If you can read correctly I did not say that the the grand mosque of mecca is the same as other mosques.
then why use the exception as a justification?
Nobody said that women and men need to pray together! They just need equal space as the men. Would you rather they suffer because liberals will get a hold of it as you say because if you do not care about your sisters who suffer discrimination for wearing hijab and also at the mosque which is supposed to be a safe haven for us then u aren’t a very good muslim
I agree with and I feel ya! Nobody want to live in a world where there is so much injustice against the most decent women left. More women come to halqass and masjids anyway, yet they still get the ugly treatment.
Honestly I think when this aunty uncle generation hits the retirement beaches, there will be changes. And look at this way, when you have children of your own, you will institute a different form of mentality than before, yeah ?
And don’t think you wearing the hijab goes unnoticed, sister, either by compassionate folks in this word, and the your Raab in the next…
i agree with you 100% right hurr, but we must be segregated from men because our Lord, the Most Wise, commands it. there are authentic hadith indicating that the women had a separate entrance from the men, the Prophet never used their door.
you talk of rectifying our muslim women communities’ conditions. Why then do you not consider the case our fellow niqabi sisters? will they not be able to pray in peace and take off their face veil, like how they’re supposed to (when praying)? you talk of looking at situations from other points of view, why not take the niqabi’s?

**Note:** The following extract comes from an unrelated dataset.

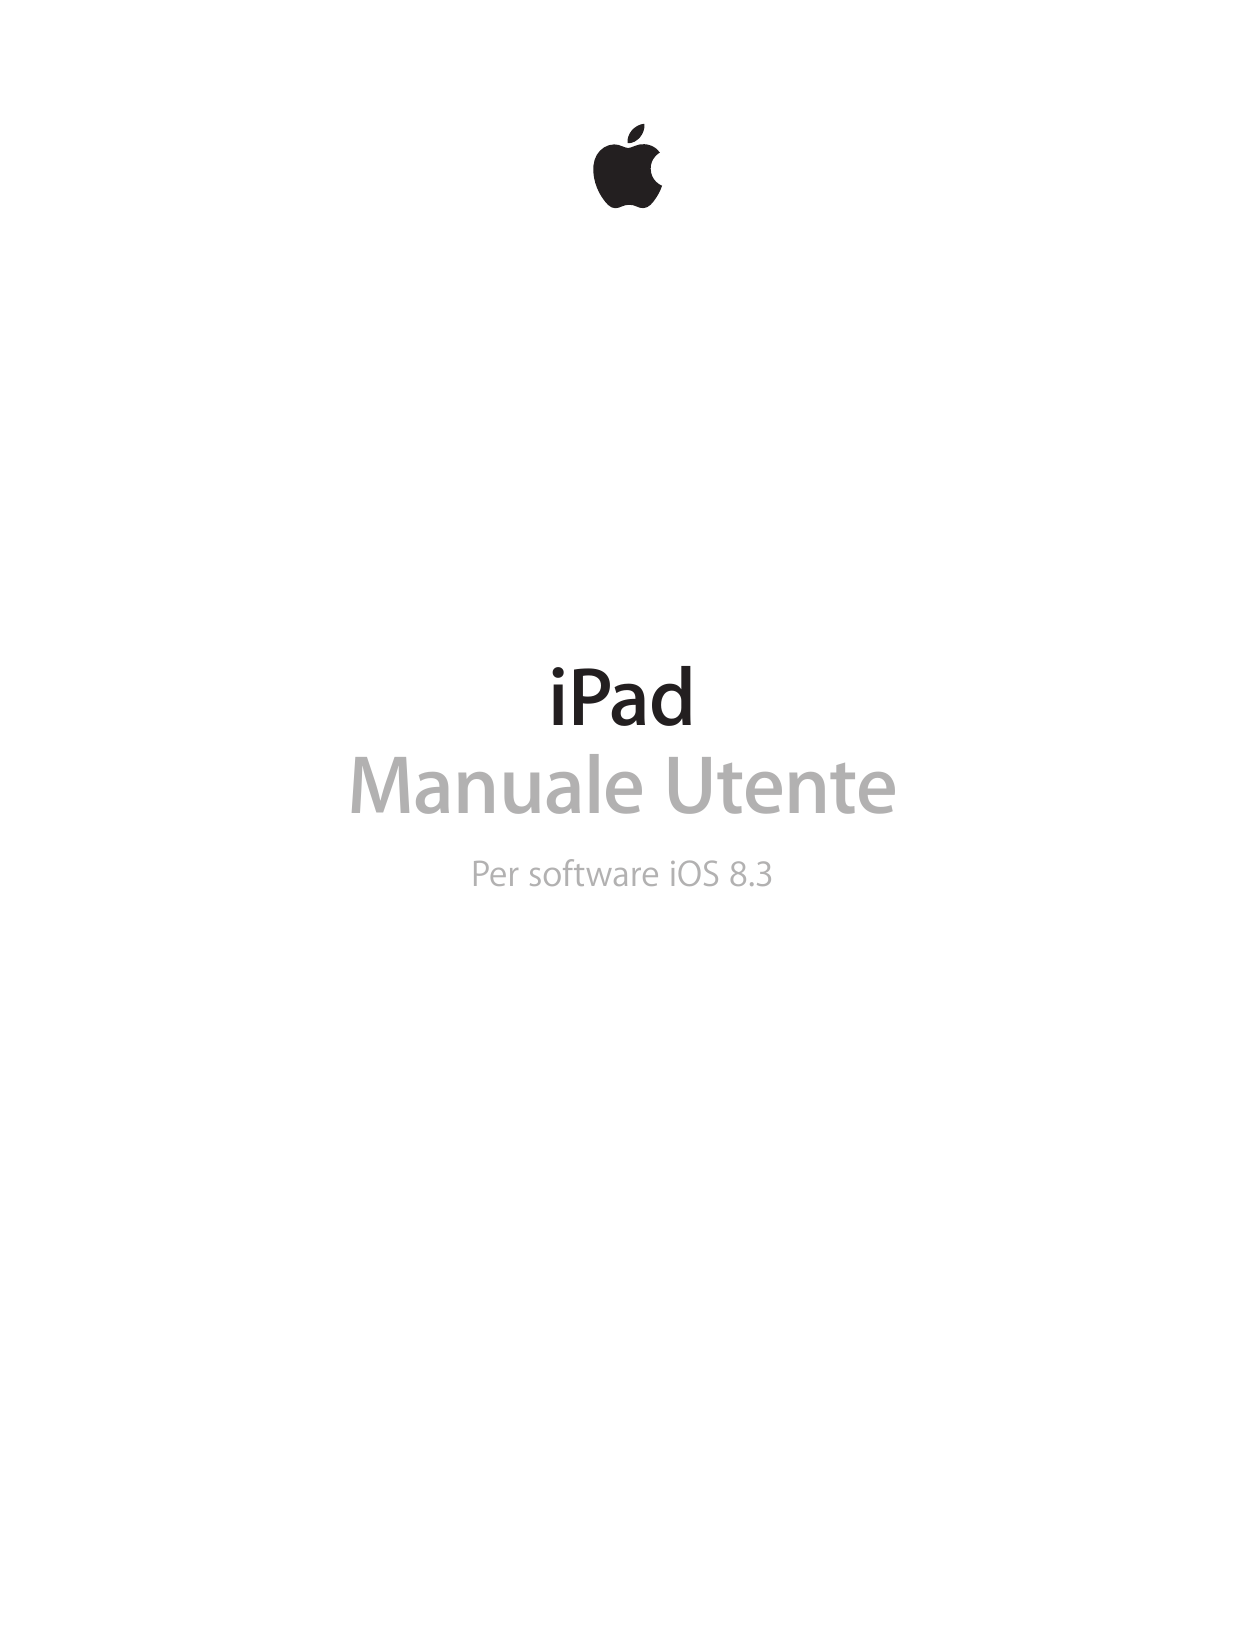   iPadManuale UtentePer software iOS 8.3

the best thing to do is let your concerns be known to the imam, the sole decision maker of the community (who should be following the correct, Sunnah way), and then put your trust in Allah.
Remember! if the men of our communities are truly deliberately oppressing us, then Allah will answer your duas! “there is nothing standing between the oppressor and the dua of the oppressed” In that case, you have the upper hand!!
Be patient oh fellow muslimahs, because indeed Allah is with the truly patient.
😉 Salams~
Thank you! I totally feel you sister.